Life n Grimes of Mr C. - 22nd January 2024.!


Hi Me.Managed to get up today for a while....

1st job was to catch up on post, only 1 letter from "Crisis resolution home treatment"..

Not a clue why they have been trying to ring me (No missed calls on my phone!)

But as I could not remember why they are involved and they would not tell me!
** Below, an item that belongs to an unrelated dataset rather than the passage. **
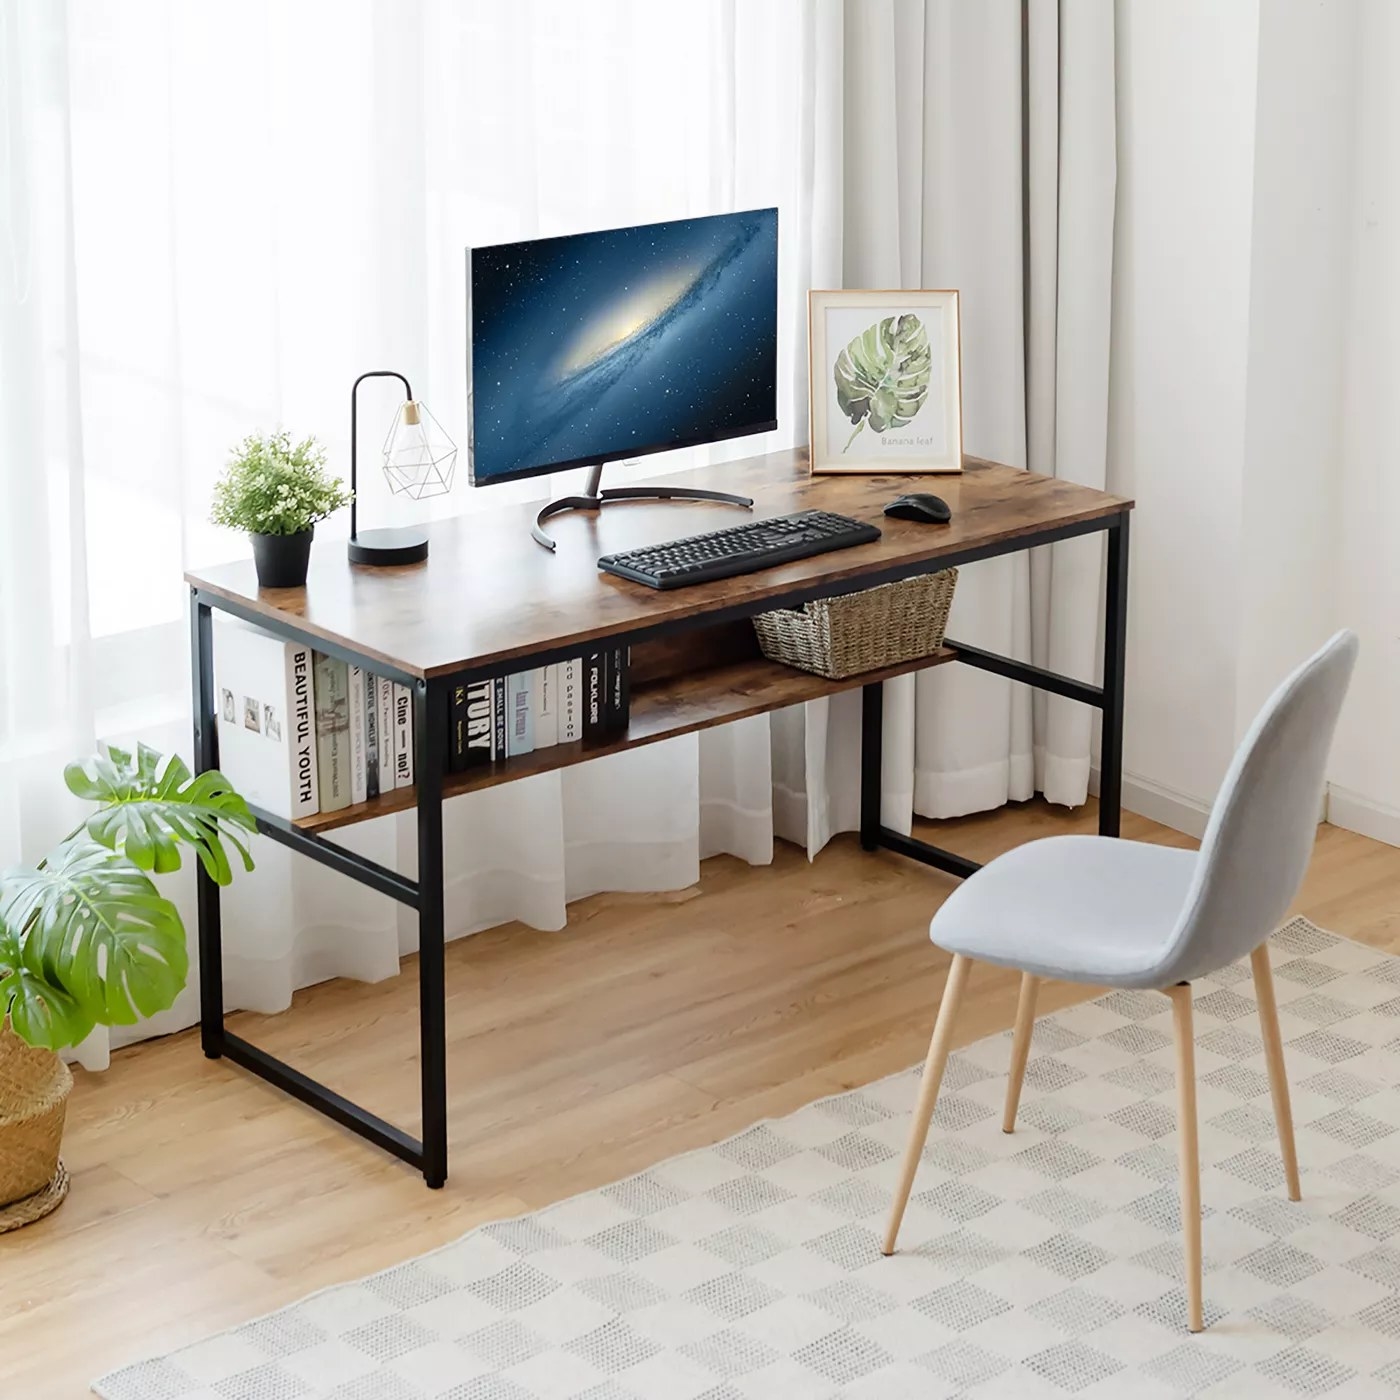 The desk with a storage shelf

They cancelled it!!

I have an appointment at Johnson Hospital this afternoon at 4pm, spent ages trying to contact people, I know are well, but no help.

Did not bother with family as all working and there jobs are more important, and for Zoe she needs a weeks notice to ask for time off.

Plus I am not talking to any of them !

So at 3pm phoned them up as not able to get from my transit to the relevant parts of the hospital and cancelled the appointment! 

Depression even worse after reading text from the surgeon who is supposed to be doing my kidney ops this month!.

Now have a telephone appointment in March !!!

I am really pissed off with him, as he promised to do the operation withing a few weeks of me being released!!

So now I am back to where I was before xmas with the depression, I cannot get outside the house door, so nothing been done to the transit!

Or anything else, I just do not have any get up and go once again.

I knew what recovery progress I had made from 31st Dec 2023 was fragile, I just did not realise just how fragile it was to be.........

Right back to bed for me, I am shattered and pissed off, with another day and night being on my own!.

I may as well be away in the transit, if only it was ready!!